Brown is the new green, judging from the off-color needles on trees and shrubs all around the Twin Cities.
"My yard took a complete beating," said Rick McNabb of Mendota Heights, who lost several large spruce trees, plus a Japanese maple, part of a major landscaping project two years ago. He knew the maple was borderline for Minnesota, but the spruces were supposed to be hardy.
"One is completely dead, and the others are half-brown," he said. "I was pretty upset."
Even some well-established evergreens aren't living up to their name this growing season. Fred Shepherd of St. Louis Park is mourning a mop top conifer planted next to his deck. Usually, it's a "nice, bright Kelly green" that complements the darker foliage of the barberries on either side. But this year, most of the mop top's needles are dry, drab brown.
"I babied it for nine years," he said, watering religiously and adding acidic plant fertilizer. "But I'm pretty sure it's not coming back." At least he's not alone. "Several people on our street lost 20-foot evergreens. They're all brown on one side, green on the other.
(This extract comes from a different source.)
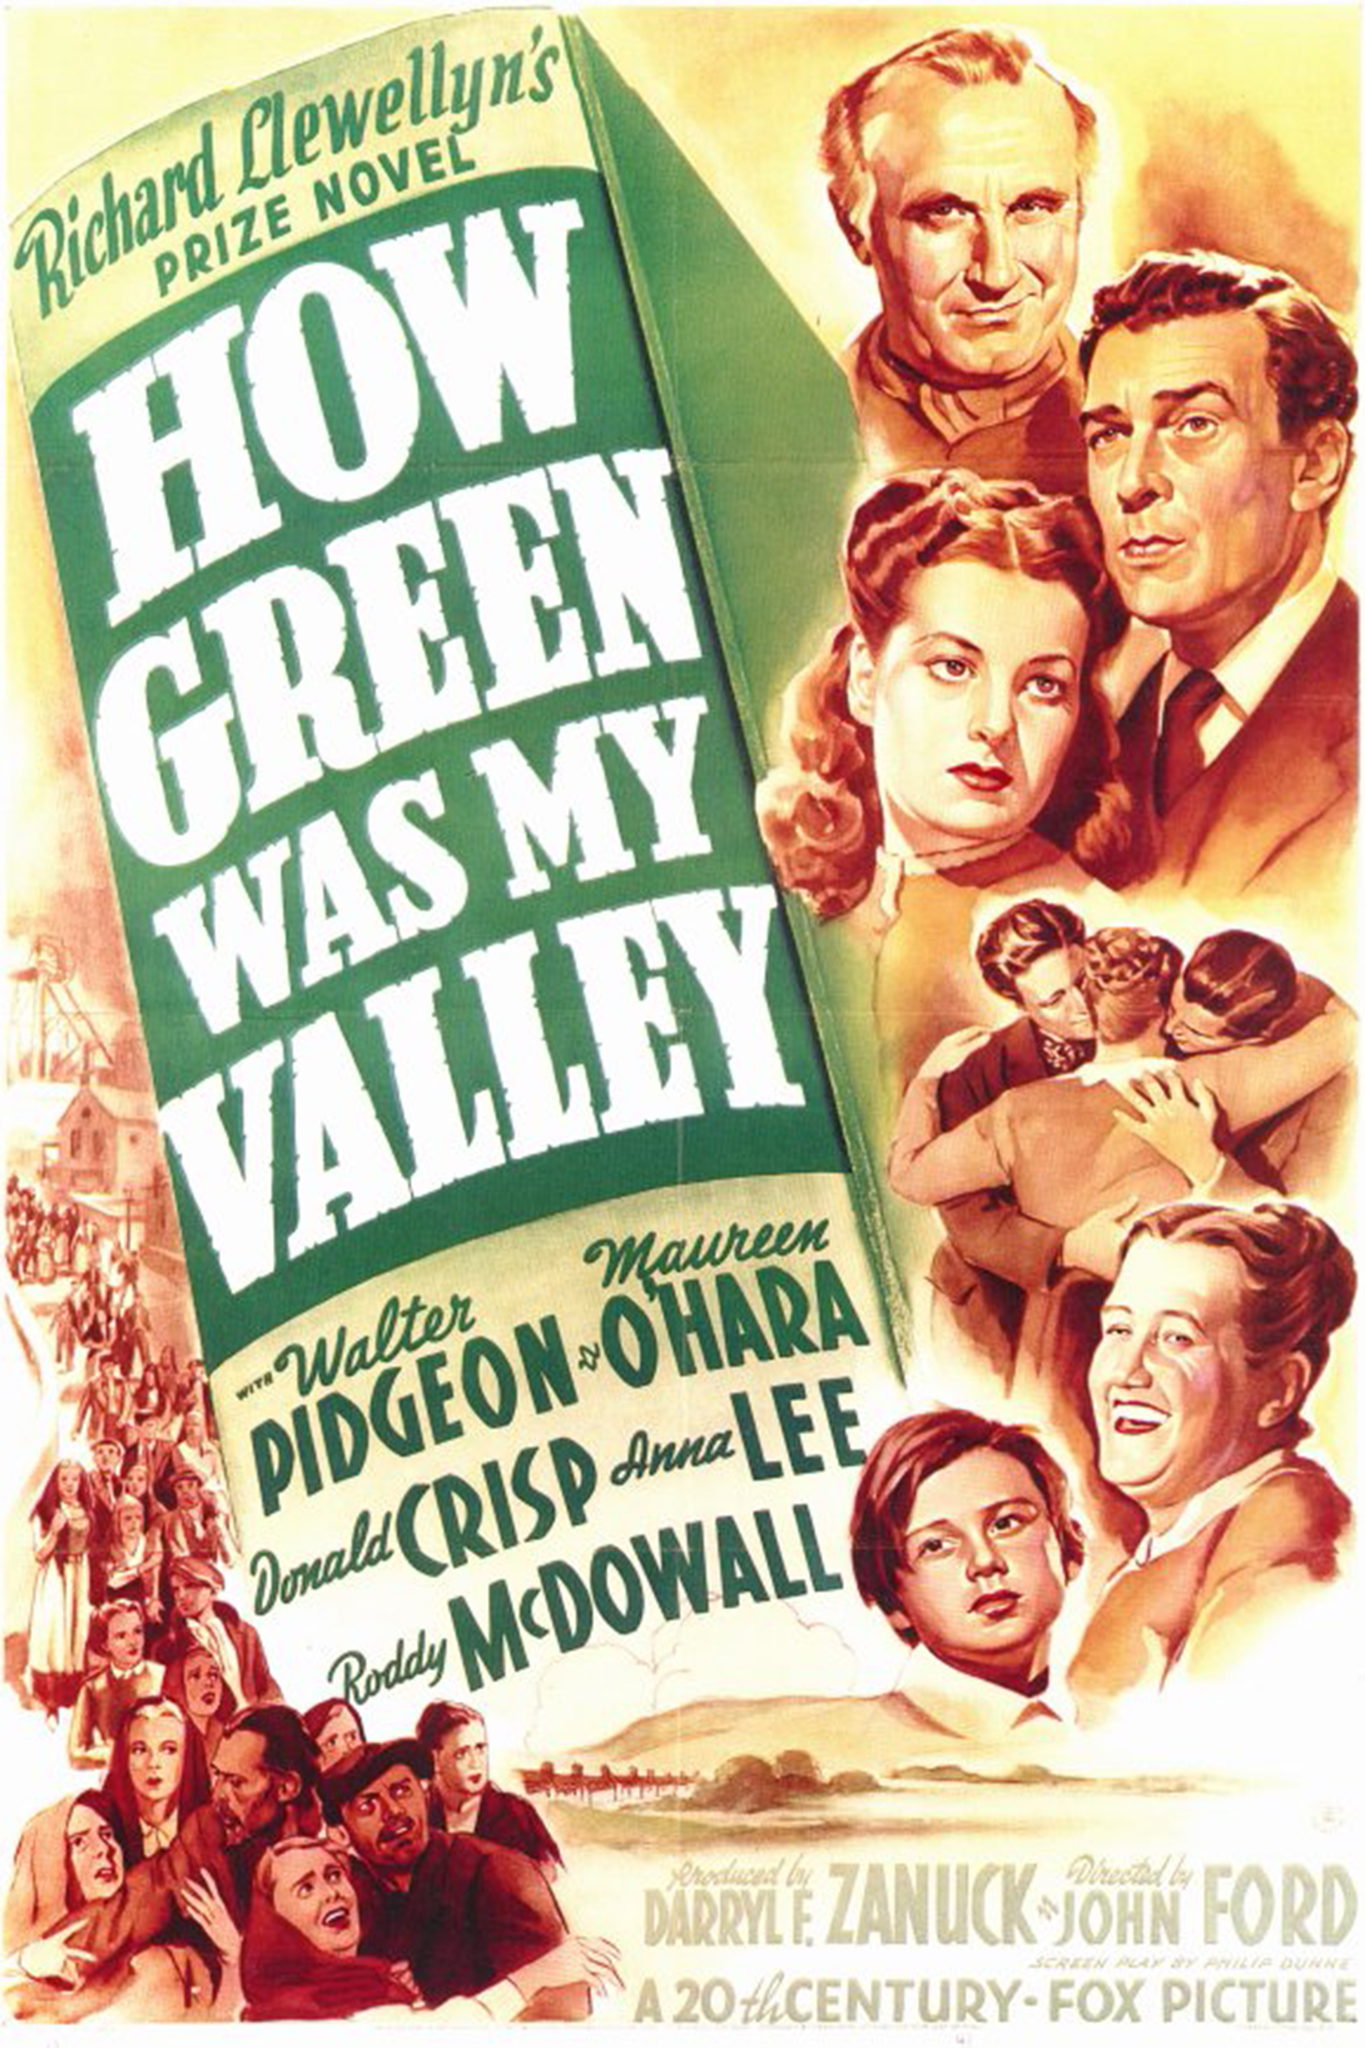 oscars-wrong-how-green-was-my-valley.jpg
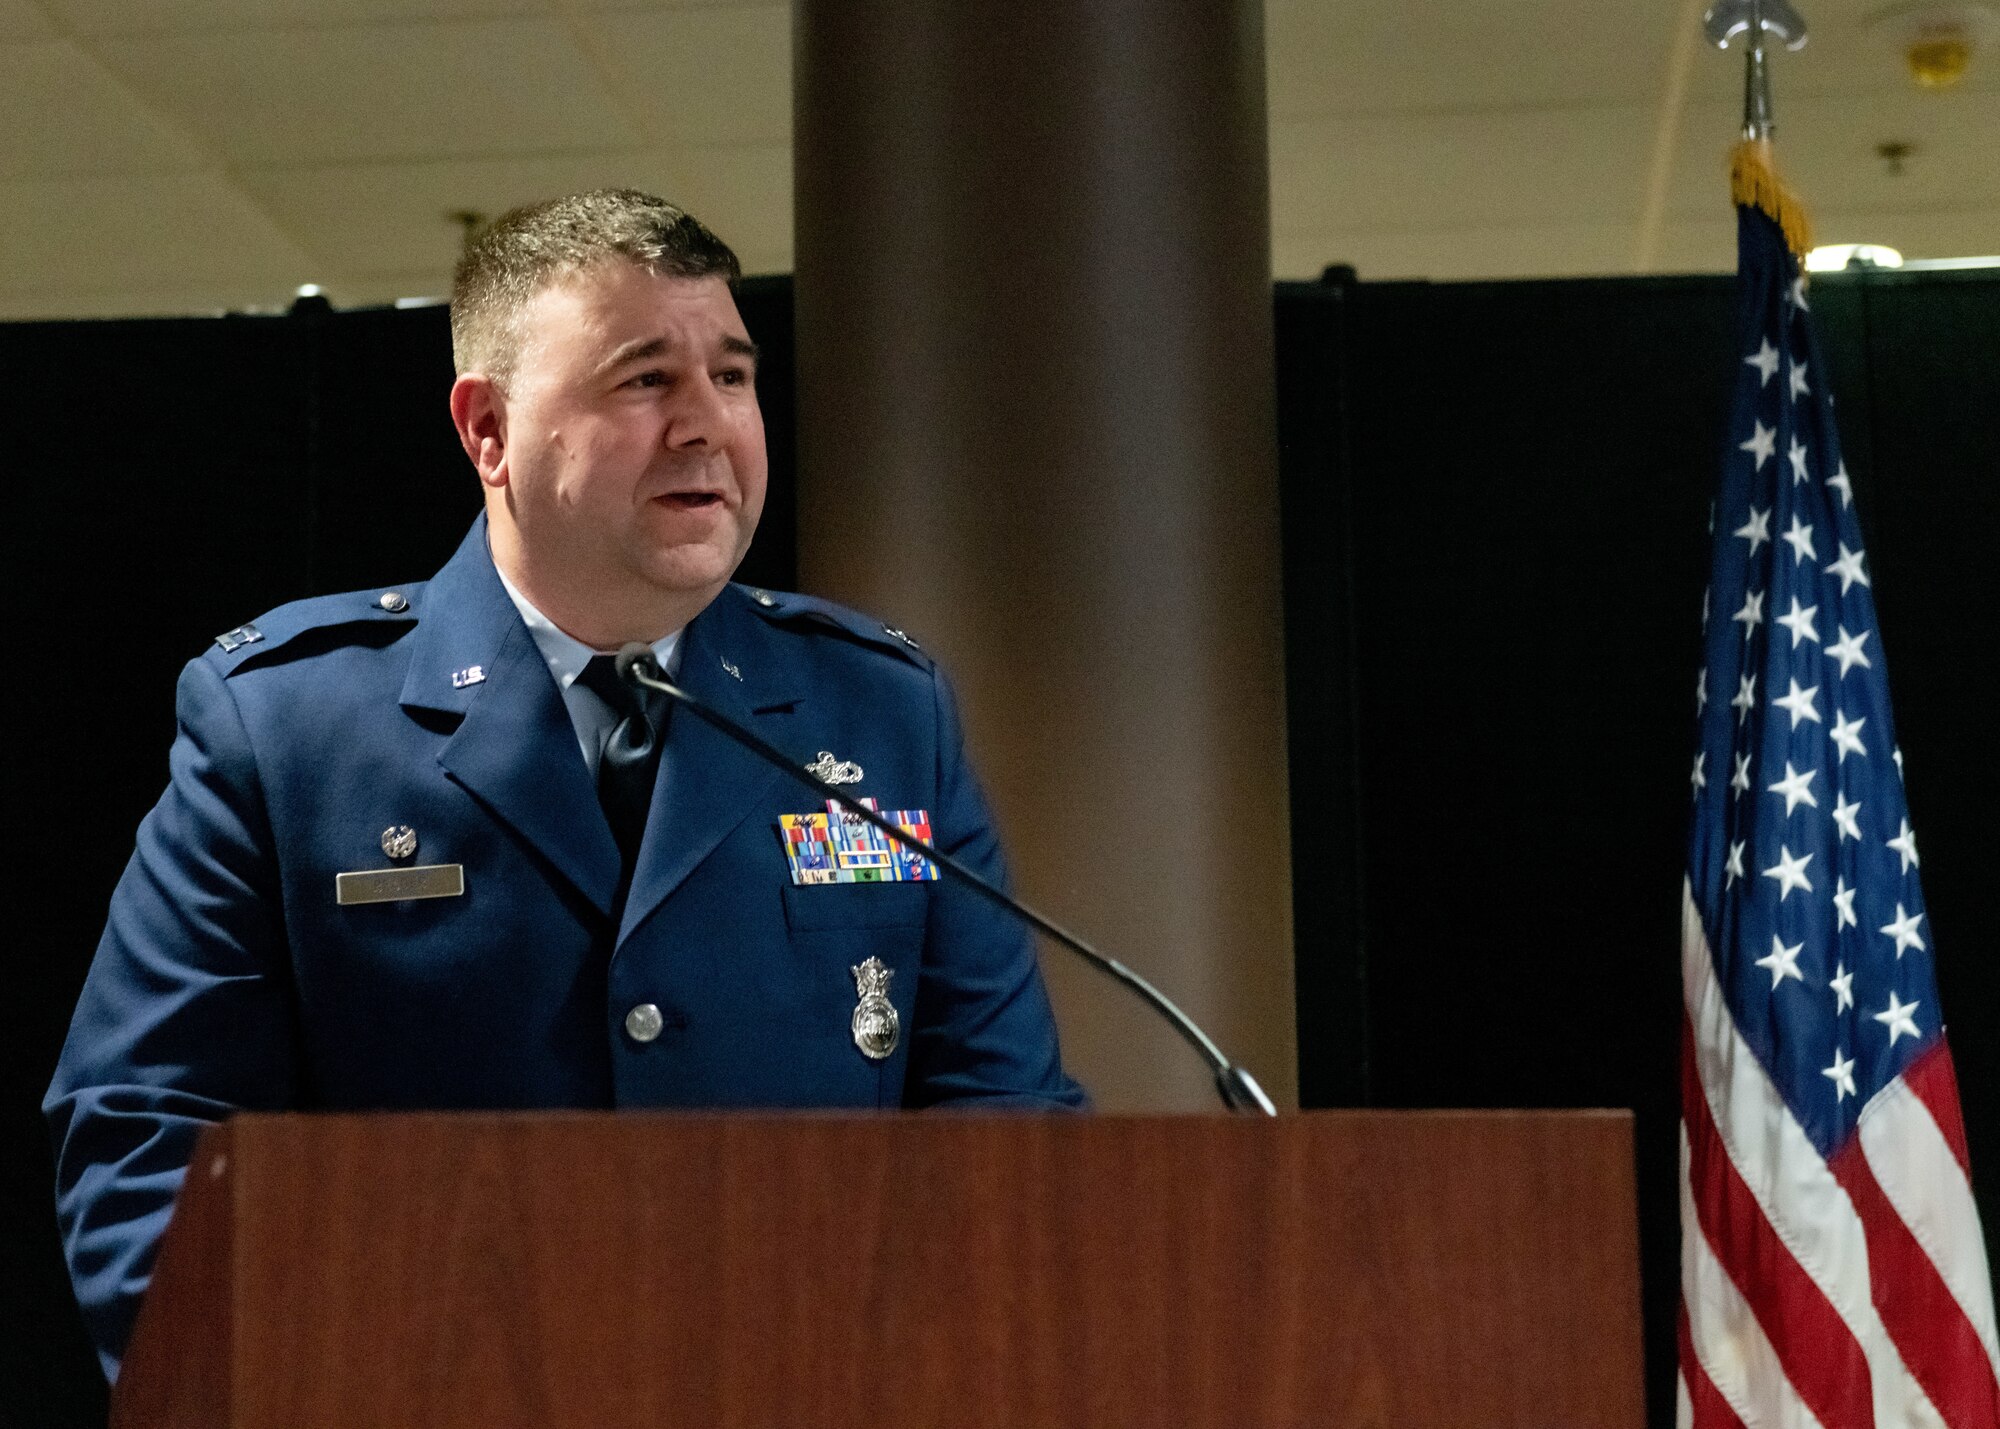 Capt. Robert Reader, the commander of the 910th Security Forces Squadron, speaks to his Airmen and leadership, Feb. 4, 2023, at the unit’s change of command ceremony at Youngstown Air Reserve Station, Ohio. During the ceremony, Maj. Nicholas Megyesi transferred command to Reader.

It's the weirdest thing you've ever seen."
Blame it on this year's wicked winter, which brought "polar vortex" into the lexicon and left a puzzling patchwork of brown and green trees in its wake.
"The winter was very cold and windy and very long," said Mark Stennes, an arborist and plant pathologist in St. Paul. "It was brutal — as bad a winter as I can remember, and I was born in Bemidji."
Bone-chilling temperatures, heavy snowfall and strong winds combined to take a toll on many plants, but evergreens in particular, resulting in a lot of dessication, or "winter burn." Many evergreens were already stressed heading into fall after two hot, dry summers, said Debbie Lonnee, a horticulturist with Bailey Nurseries. "The unfortunate fact is that this 'perfect storm' of conditions did kill some hardy plants."